_INPUT FOR THIS TASK_:
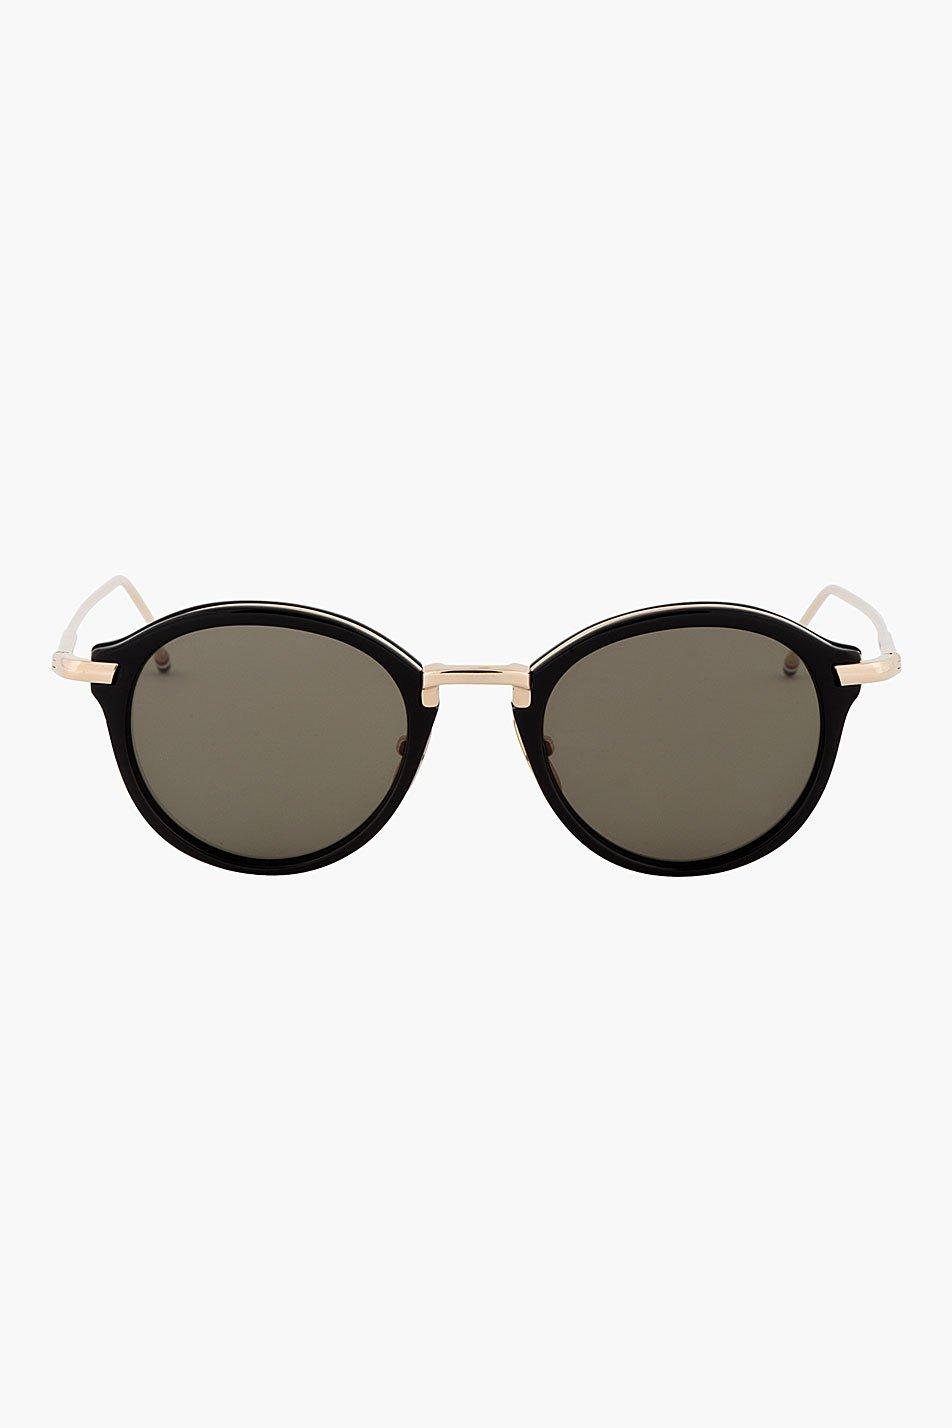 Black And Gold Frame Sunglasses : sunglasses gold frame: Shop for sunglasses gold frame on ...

==

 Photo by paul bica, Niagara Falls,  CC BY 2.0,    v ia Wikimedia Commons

* * *

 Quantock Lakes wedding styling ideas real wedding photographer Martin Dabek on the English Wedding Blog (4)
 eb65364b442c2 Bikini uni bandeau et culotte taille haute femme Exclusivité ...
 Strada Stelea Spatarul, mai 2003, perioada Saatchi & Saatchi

_WORK REQUIRED_: Above are the lines; repeat exactly the ones from the line containing "Quantock Lakes wedding" down to the line containing "Strada Stelea Spatarul, mai", both inclusive.

_EXERCISE RESPONSE_:
 Quantock Lakes wedding styling ideas real wedding photographer Martin Dabek on the English Wedding Blog (4)
 eb65364b442c2 Bikini uni bandeau et culotte taille haute femme Exclusivité ...
 Strada Stelea Spatarul, mai 2003, perioada Saatchi & Saatchi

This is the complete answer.